ASSIGNMENT:
Exactly as written, retype the listing below, omitting the pictures.

RECORDED DATA:
----

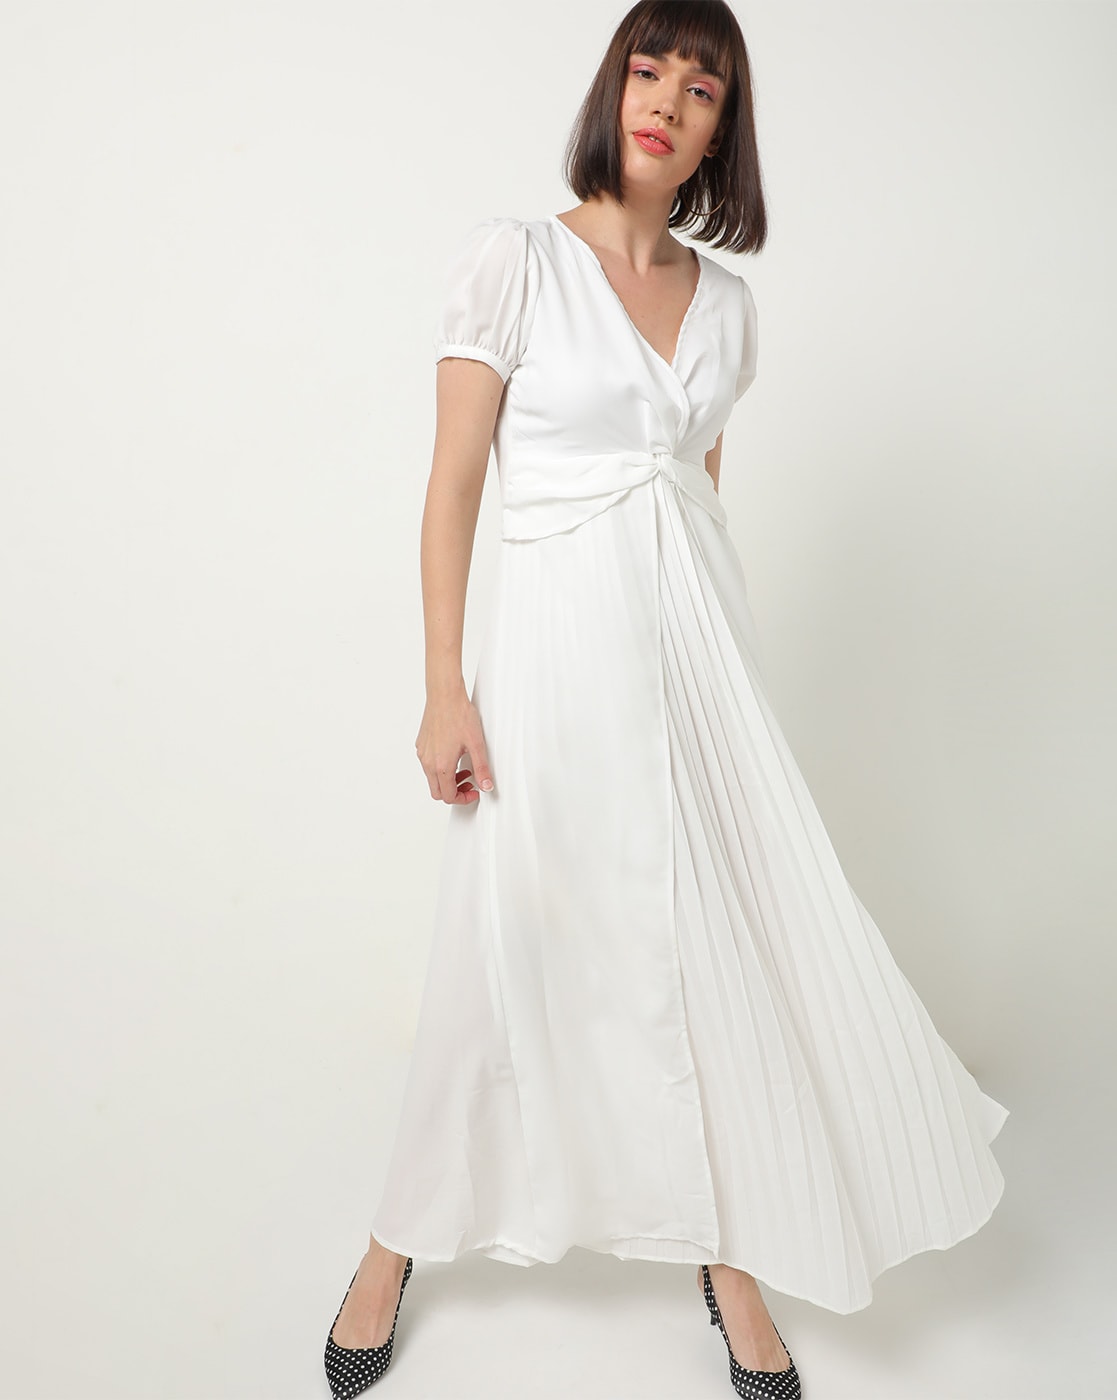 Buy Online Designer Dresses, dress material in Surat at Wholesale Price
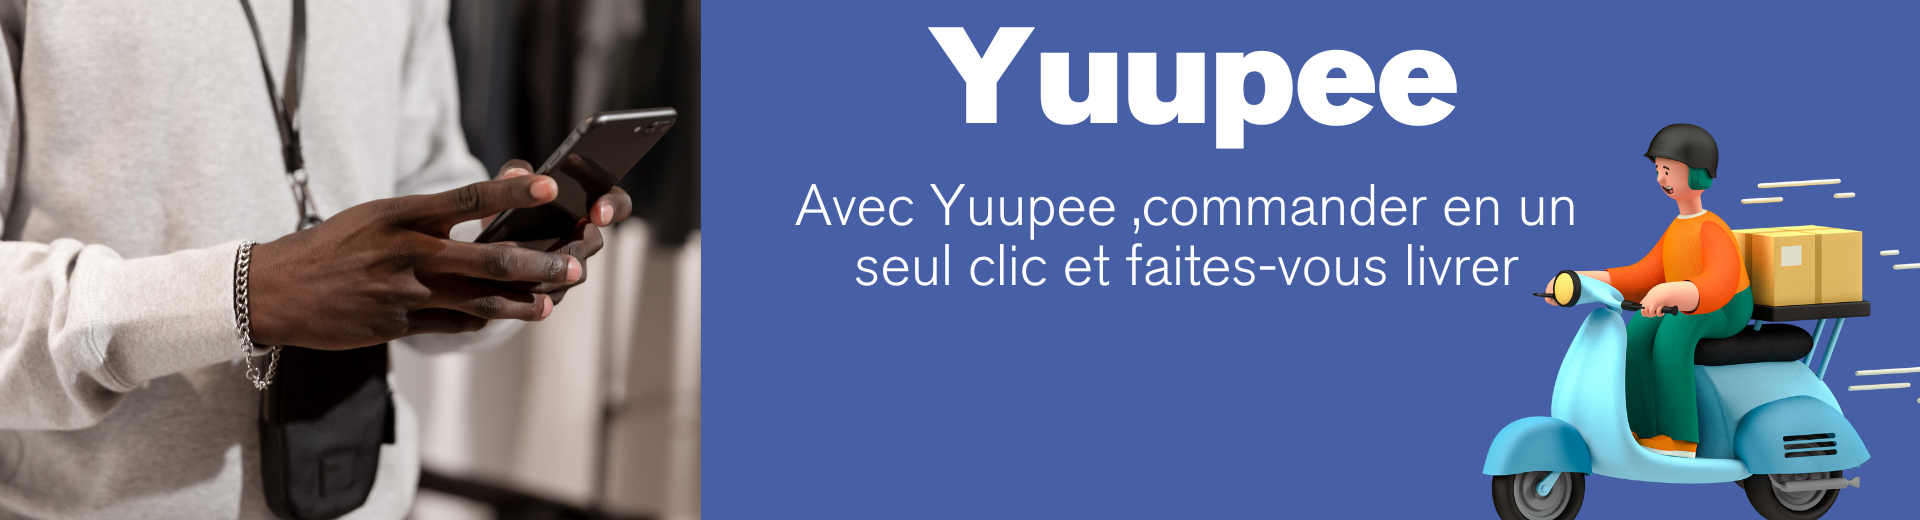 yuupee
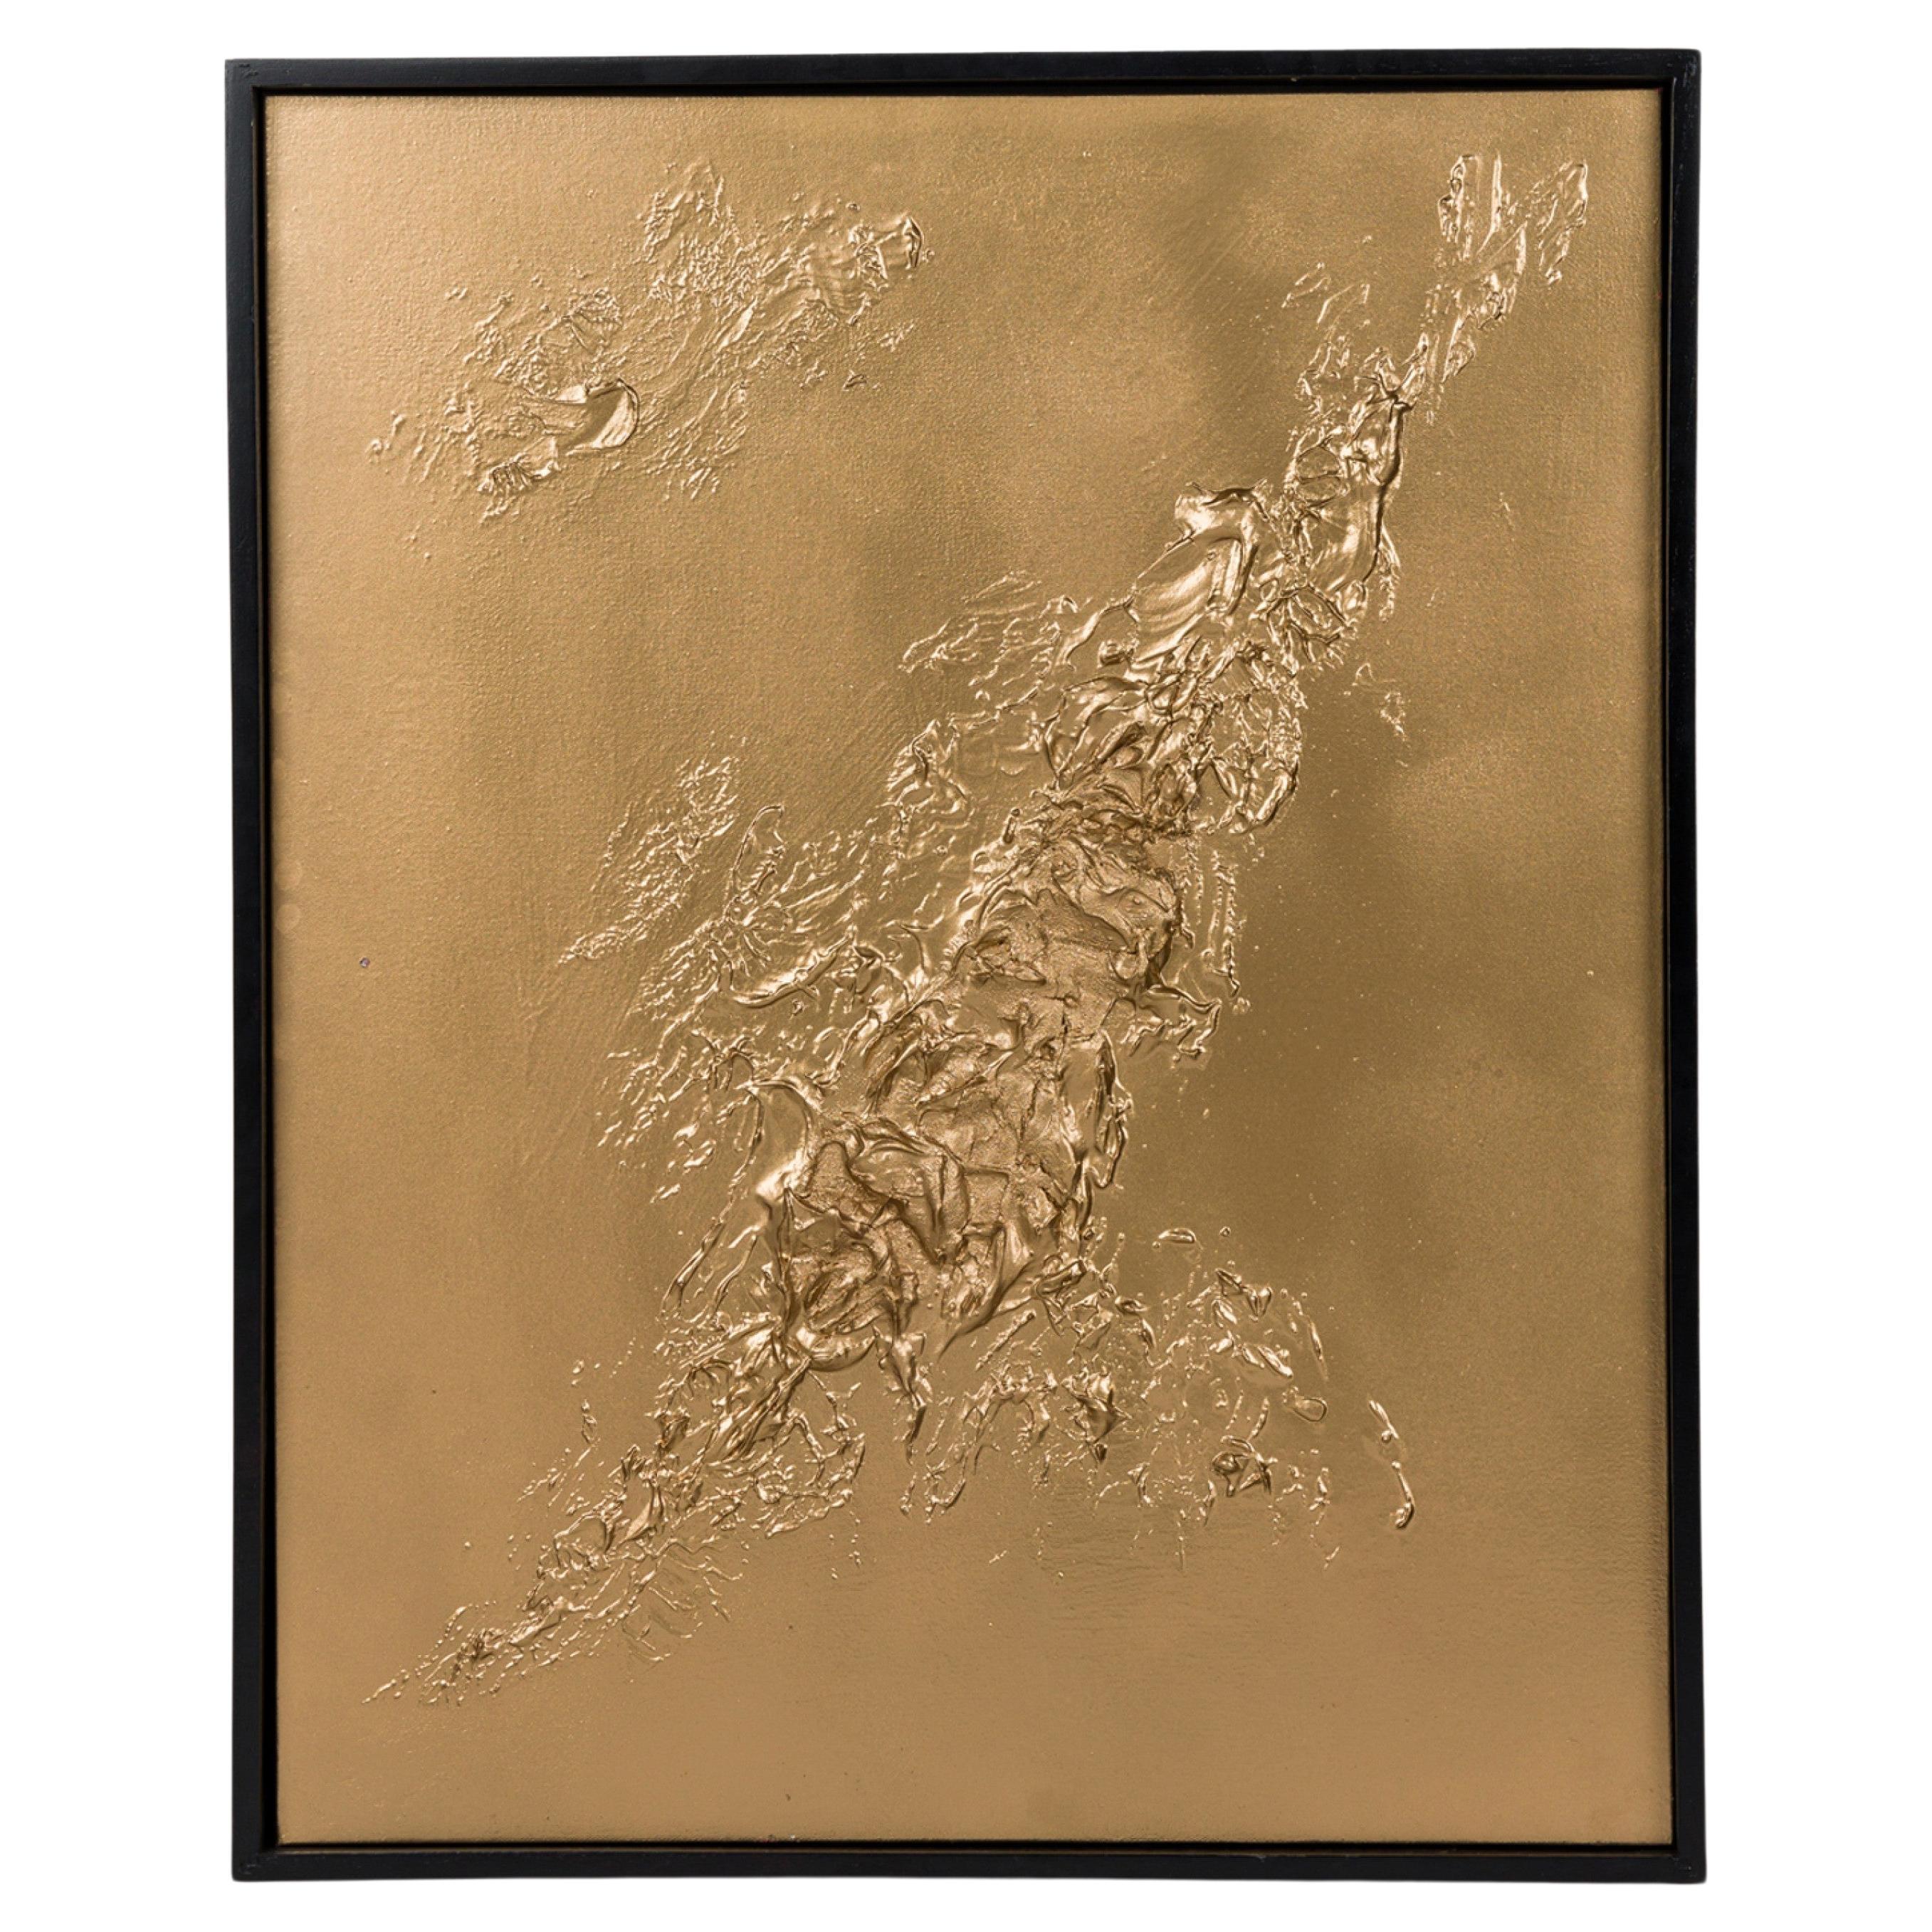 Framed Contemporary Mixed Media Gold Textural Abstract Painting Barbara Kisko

----

WRITTEN RESPONSE:
 Buy Online Designer Dresses, dress material in Surat at Wholesale Price
 yuupee
 Framed Contemporary Mixed Media Gold Textural Abstract Painting Barbara Kisko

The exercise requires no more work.